Railway station in Huddinge, Sweden

Huddinge is a station on Stockholm's commuter rail network, located in central Huddinge Municipality between Stuvsta and Flemingsberg. The station consists of a single island platform with an underground pedestrian tunnel connecting to the bus terminal and Huddinge centrum. The outer tracks are used for other train traffic. The current station structure was completed in 1986.

==History==
Huddinge station was established in 1860 as part of the Western Main Line between Stockholm Södra and Södertälje. The station's construction was initiated by Pehr Pettersson, then-owner of nearby manor Fullersta Gård, who donated land to Swedish State Railways (SJ) under the condition that a station would be built nearby.

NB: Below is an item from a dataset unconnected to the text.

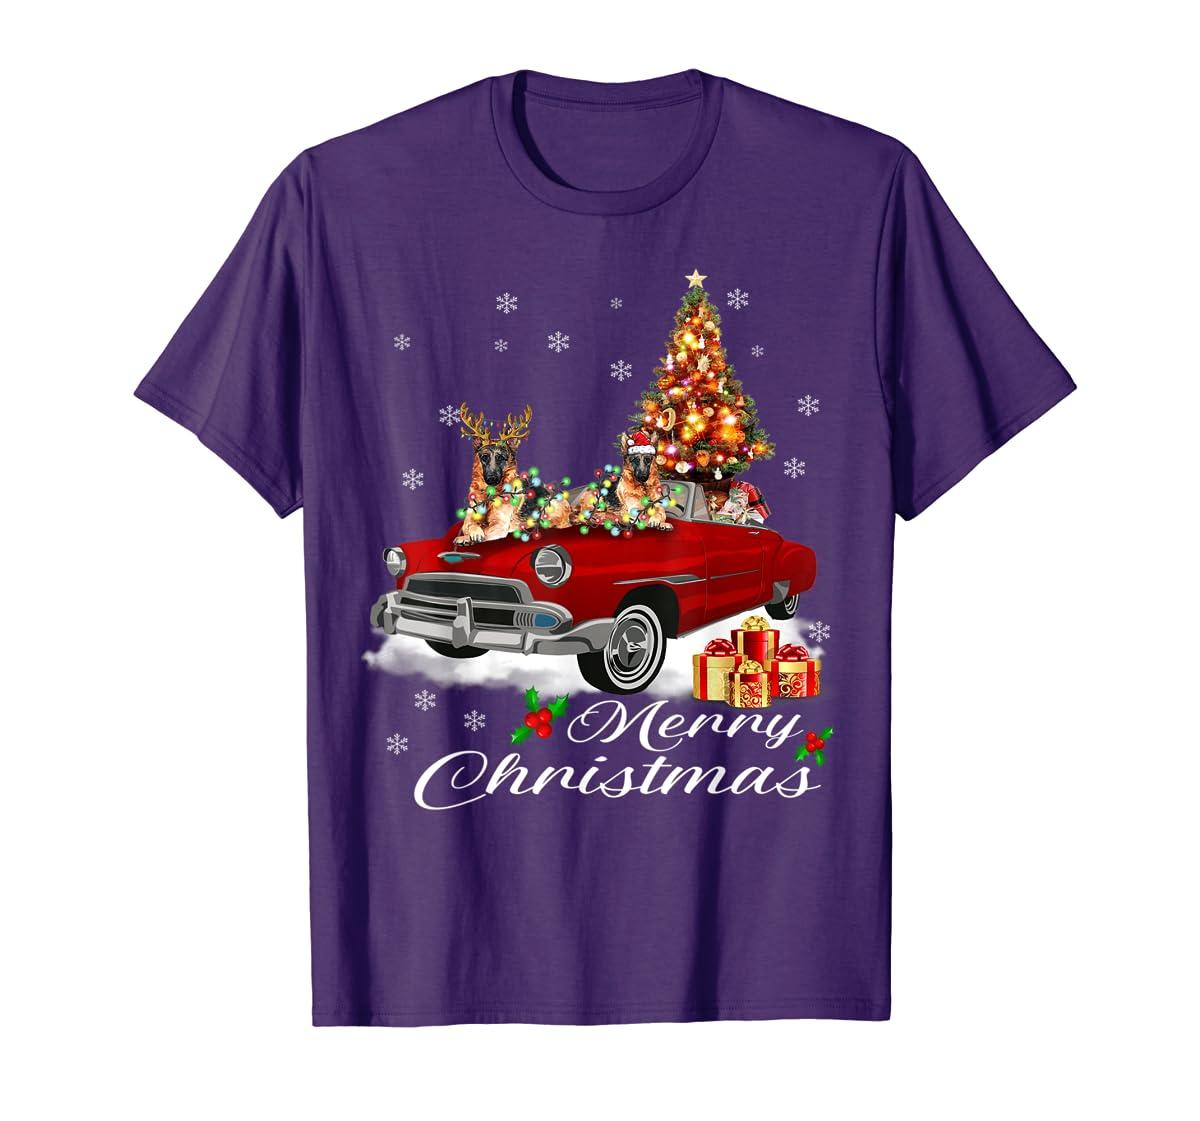 German Shepherd on Red Truck Christmas Pajama Dog Lover Gift T-Shirt-Men's T-Shirt-Purple
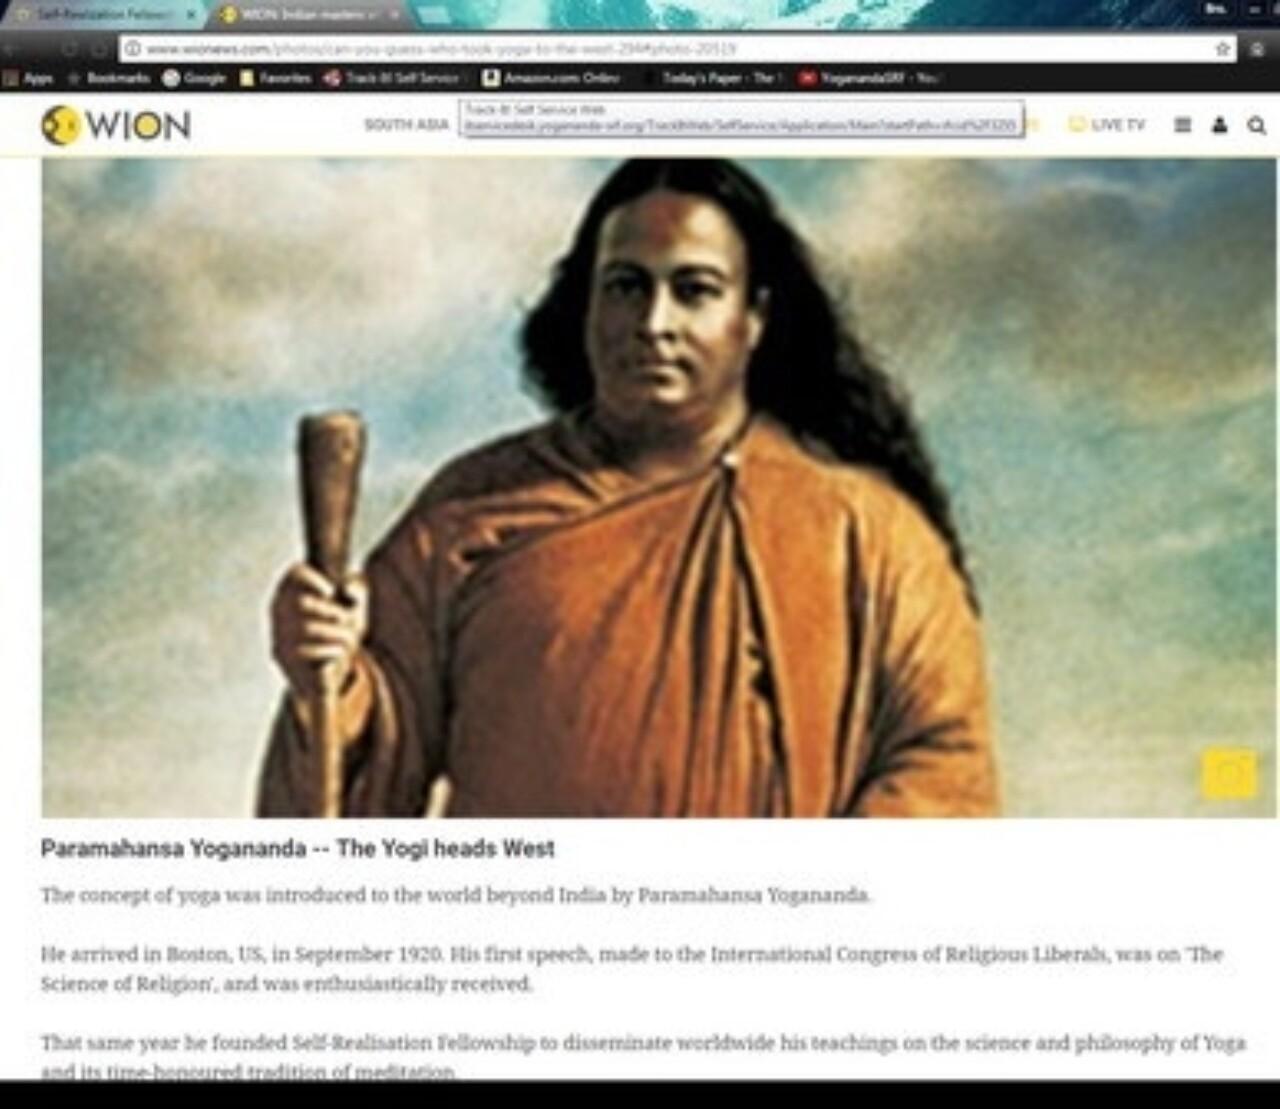 Wion features Paramahansa Yogananda

Initially, the station featured separate northbound and southbound platforms extending in opposite directions from the original 1860 station building. This unique layout was replaced in 1986 with a single platform and a new station structure integrated with an underground passage with artwork. The old station building was demolished during this renovation.

In 1980, the old Huddinge station building was featured in the political thriller To Be a Millionaire, starring Gösta Ekman, Björn Gustafson, and Allan Edwall. The film's climactic scene took place on the station platform and inside the historic station building.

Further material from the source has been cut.